If the system being studied is a stochastic model then there will be variability in model output, even from the same input parameter set, due to stochastic random effects (i.e. aleatory uncertainty). To capture this variability, multiple replications should be performed for each parameter set in the sample. Multiple techniques have been developed to determine the optimal number of replications to perform for each parameter set [32]. Law et al. advocate a rule of thumb approach where they recommend that at least three to five replications are performed [17]. This approach does not account for characteristics of model output, however; in reality, many more replications need to be performed in order to reduce variability of highly stochastic data.

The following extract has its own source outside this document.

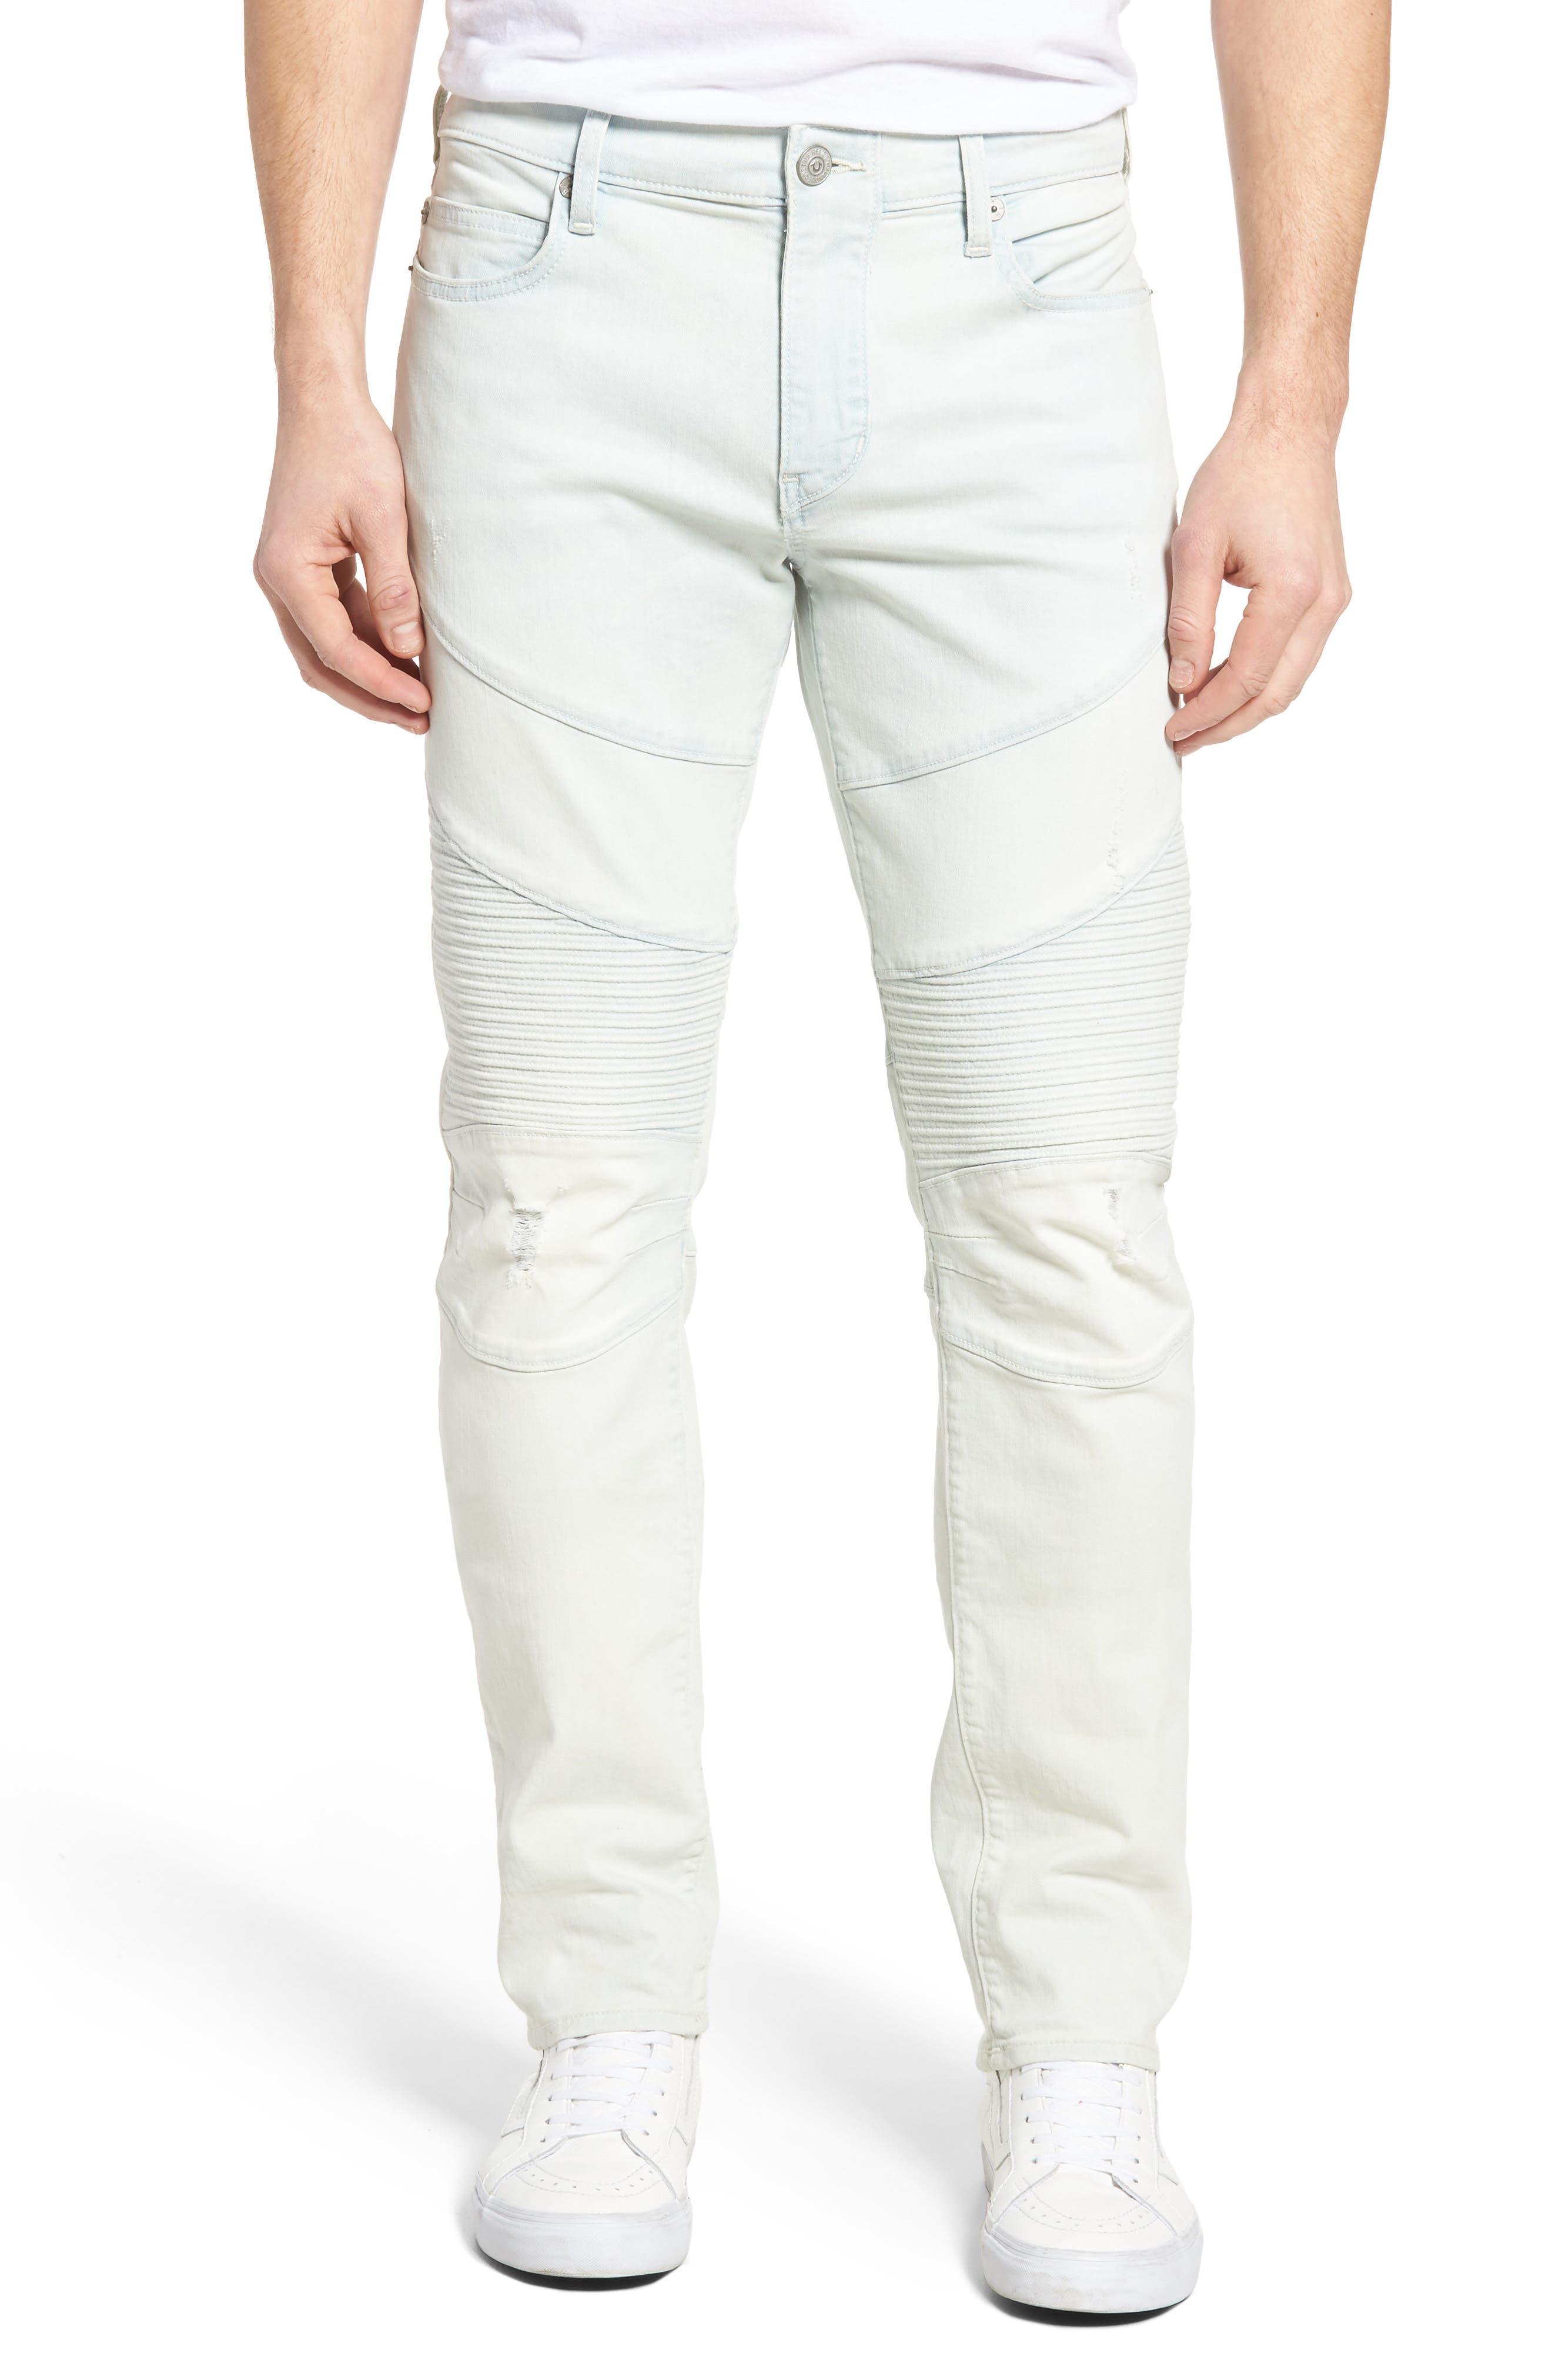 Main Image - True Religion Brand Jeans Rocco Skinny Fit Moto Jeans (Light Daze)
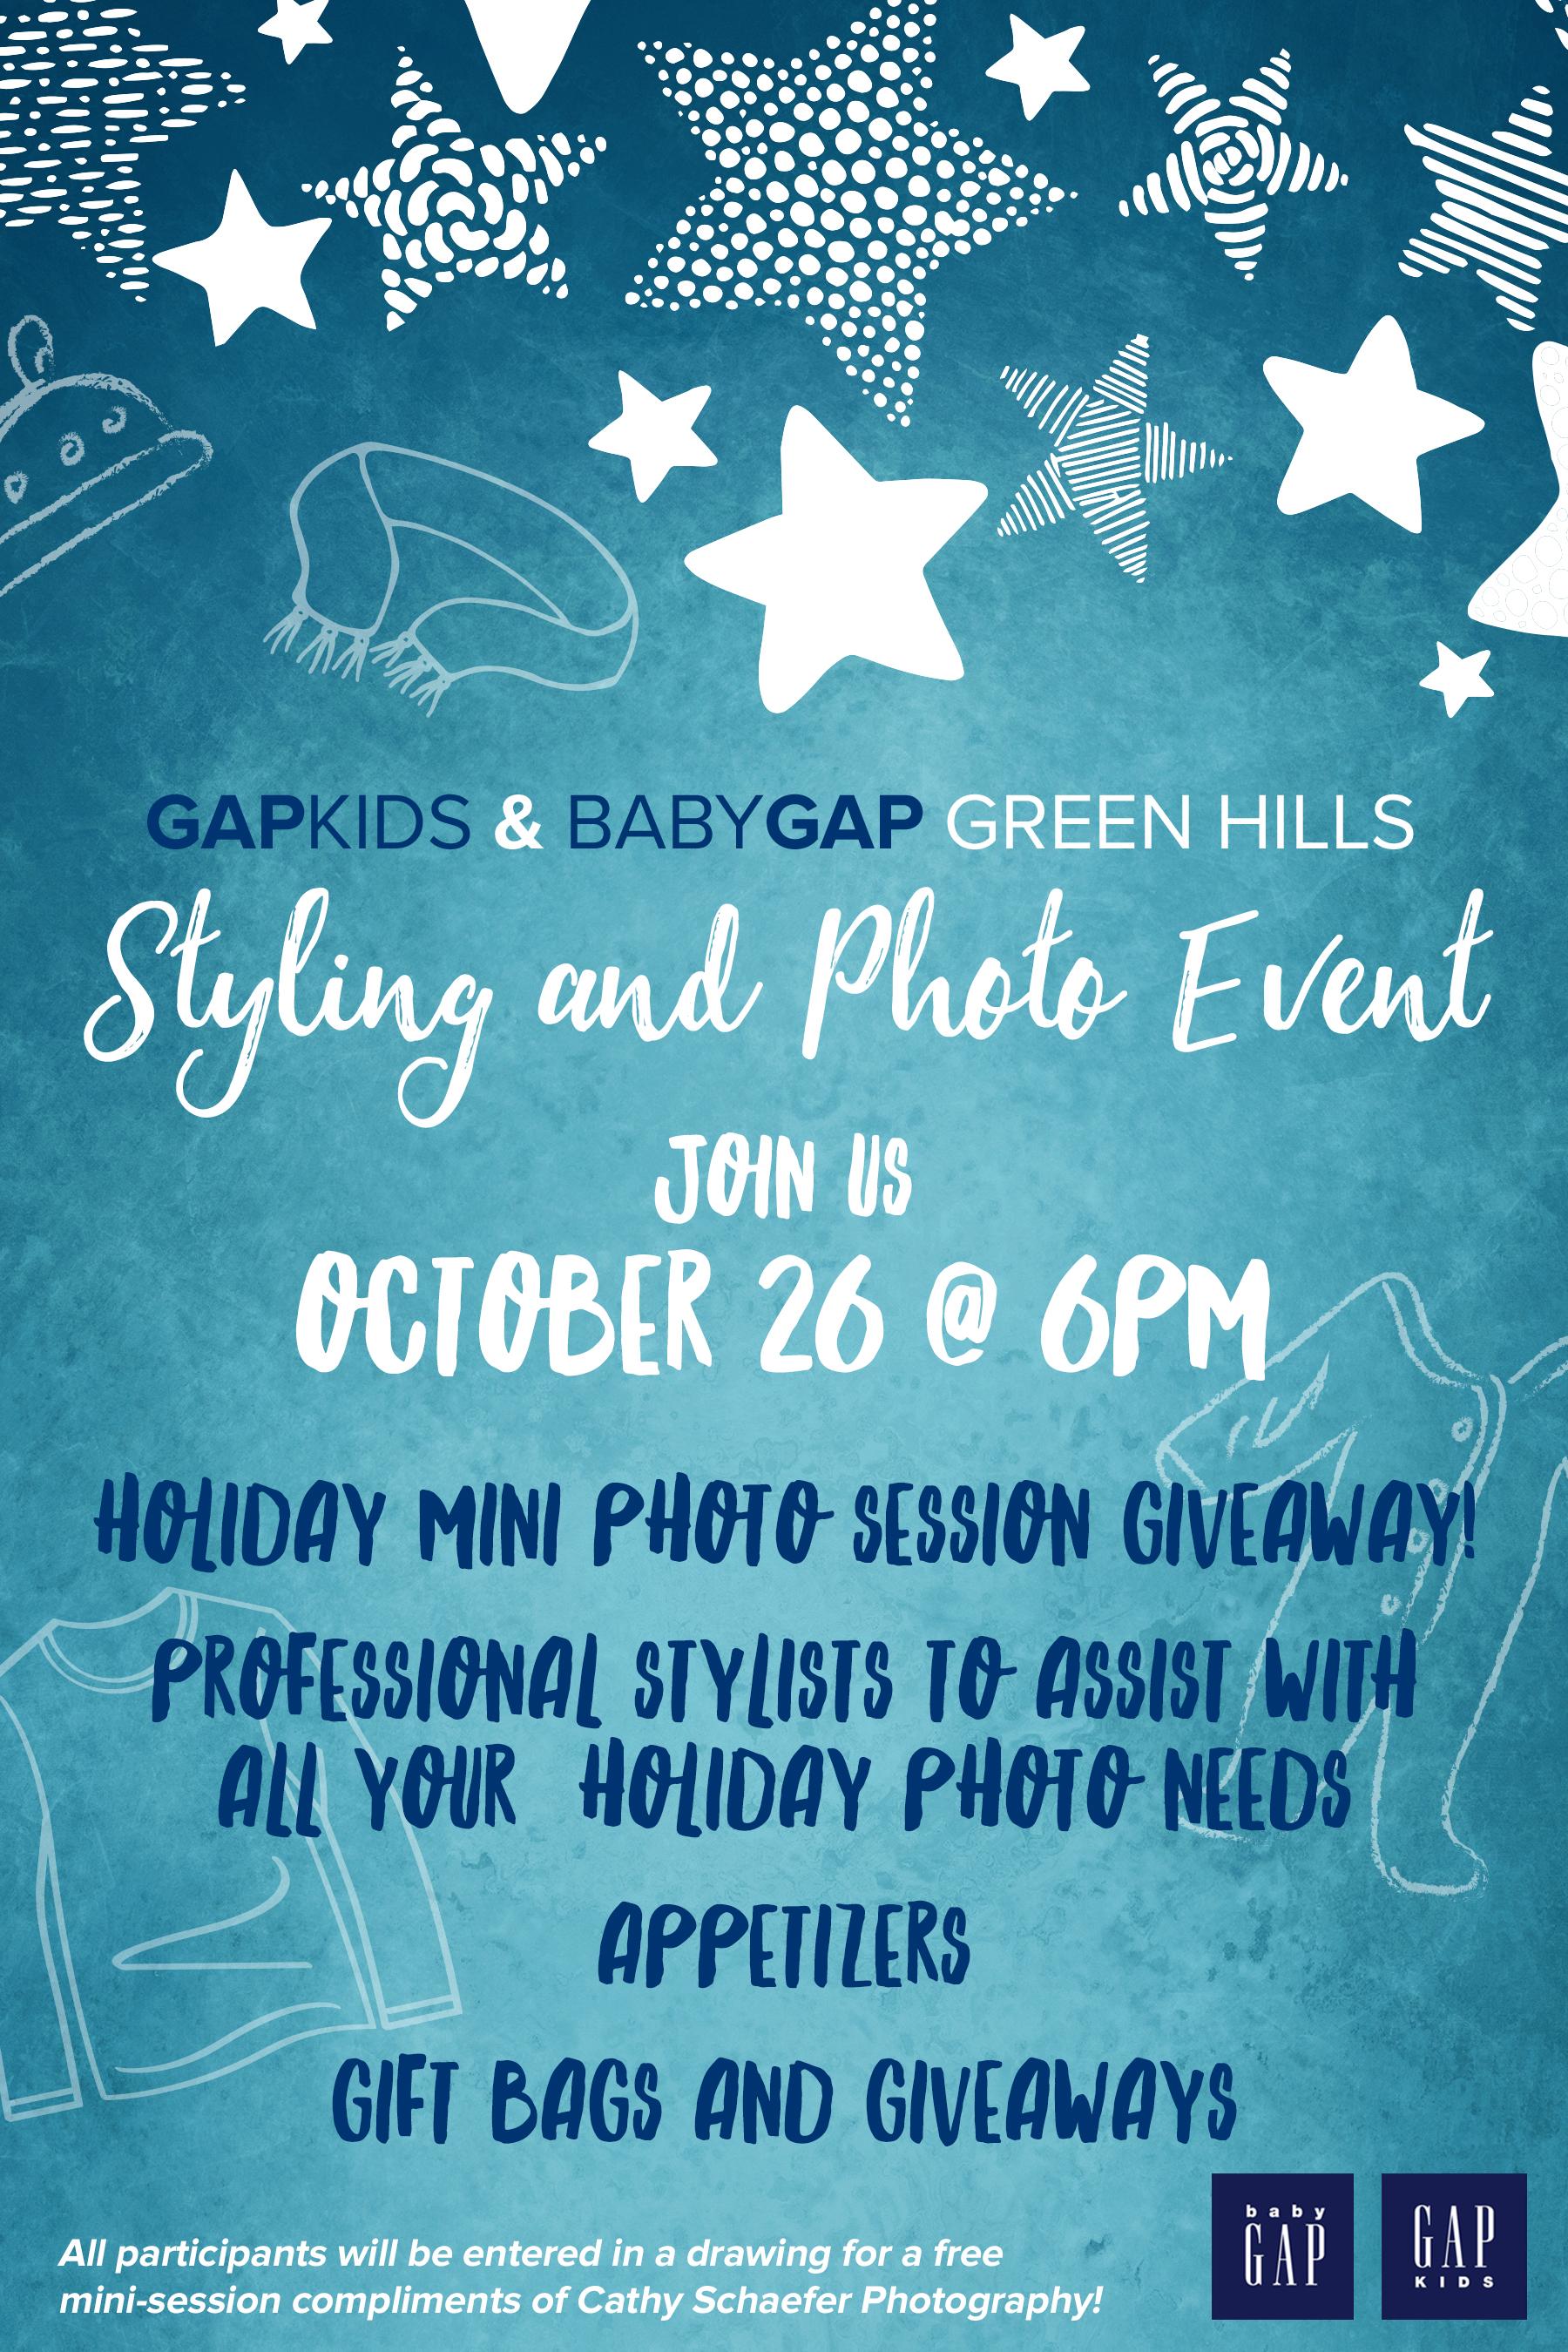 Event Flyer || GapKids, Green Hills Location

Another approach for determining the number of runs to use is the graphical method described in [32]. This method requires plotting the cumulative mean of results increasing the number of runs until the mean becomes relatively stable. The final method discussed in [32] is the confidence interval method. Using this method, a confidence interval is developed to show how accurately the mean result is being estimated. A narrower interval means more accurate results, a wider interval less so. [28] used the Vagha-Delaney A test to estimate sample size, but this test is highly conservative, often resulting in large numbers of required runs [28, 3].

2.2. Measures of sensitivity

The most common approach to performing sensitivity analysis is correlation-based sensitivity. When using this approach, one must first decide on the type of correlation to use; for example, Pearson correlation measures the strength and direction of a linear relationship, while rank (Spearman) correlation measures the strength and direction of any monotone relationship. Rank correlation is thus more widely applicable since nonlinear relationships often arise in biological models. In addition, the use of partial correlation allows a measure of sensitivity of the model output to a given parameter while controlling for the effects of other model parameters. Thus, a popular choice for correlation-based sensitivity is the partial rank correlation coefficient (PRCC). This method is described in detail in [23]. Statistical tests (namely z-tests) can be performed to determine whether a parameter’s PRCC is significantly different from zero or from the PRCC of another parameter as a way to compare sensitivities.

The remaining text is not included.